Idle No More has ignited a spiritual fire in the hearts of thousands of human beings to address a range of core matters, including the fundamental issue of protecting the earth that sustains us so life may endure and we may all go forward. They intend to keep striking sparks.
The human beings who sparked Idle No More have networked with Defenders of the Land to make a declaration: “We are in a critical time,” they write, “where lives, lands, waters and Creation are at-risk and they must be protected.” They call the attention of people to the potential of Sovereignty Summer. Meanwhile, in Alberta earlier this month, many native peoples gathered to create and then to sign a historic document, the Turtle Lodge Treaty. Of this treaty we are likely to hear more in the years to come.
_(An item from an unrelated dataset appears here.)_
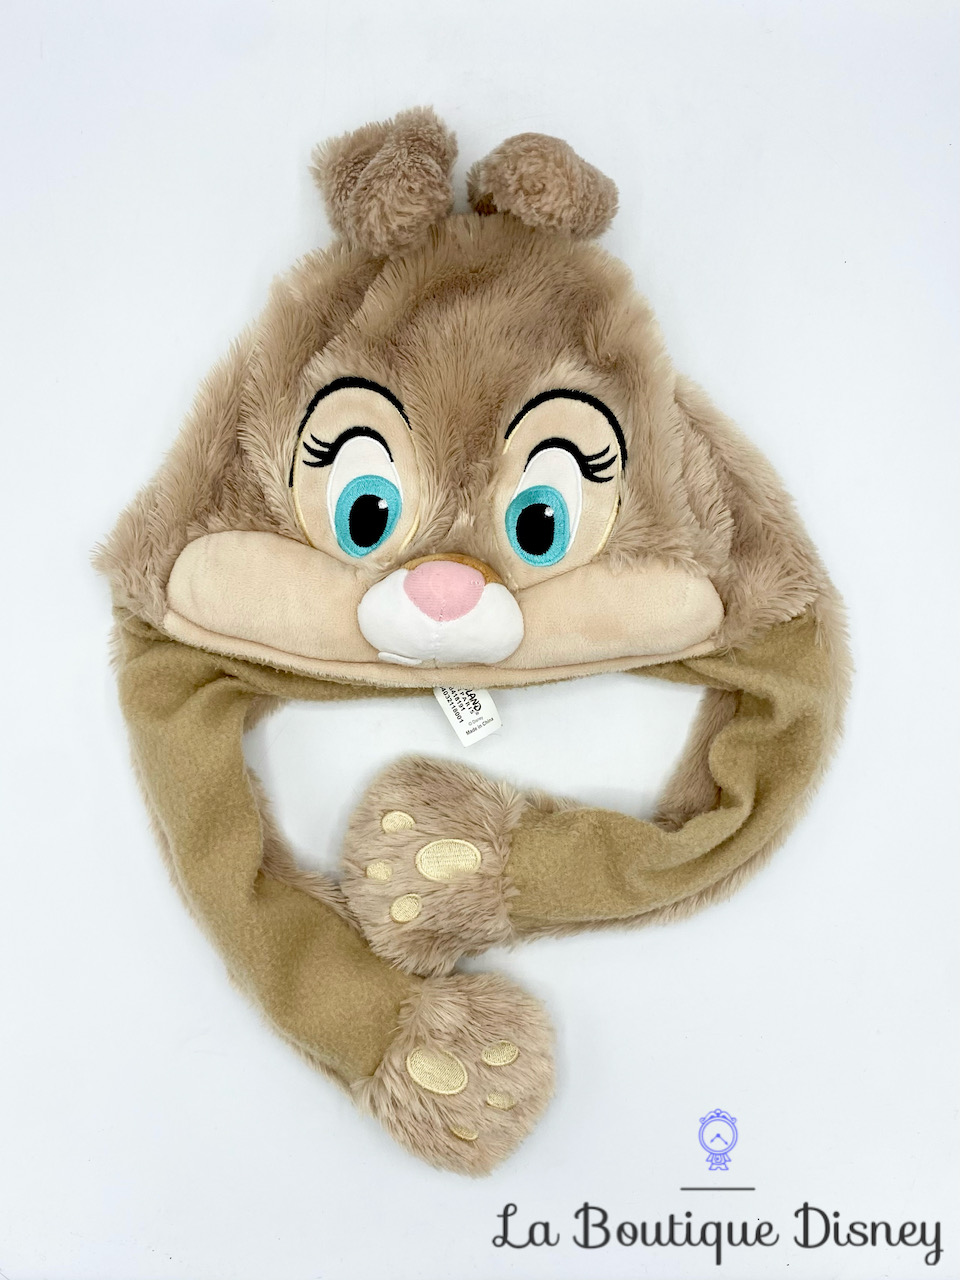 Acheter Bonnet Oreille qui Bouge Disney | Bonnet Stitch Oreille qui Bouge  pas cher : Adulte & Enfant (Homme & Femme)

Big Medicine is afoot. There is a spiritual energy stirring and a larger awakening is on the horizon as we transition to Sovereignty Summer. The gathering at Big Mountain is one facet or node of this ongoing awakening.
The gathering space at Black Mesa is already full this year. Organizers cannot accommodate anyone else coming. But there are other ways to support the effort to maintain Big Mountain, Black Mesa and the Four Corners, and to support the whole of the earth in a sacred manner. That is the idea animating Sovereignty Summer: to come together not in one particular place, but to establish a spiritually respectful stance where you are called upon the land.
* The four sacred mountains: Mount Blanca in Colorado, Mount Taylor in New Mexico, San Francisco Peaks in Arizona, and Mount Hesperus in Utah.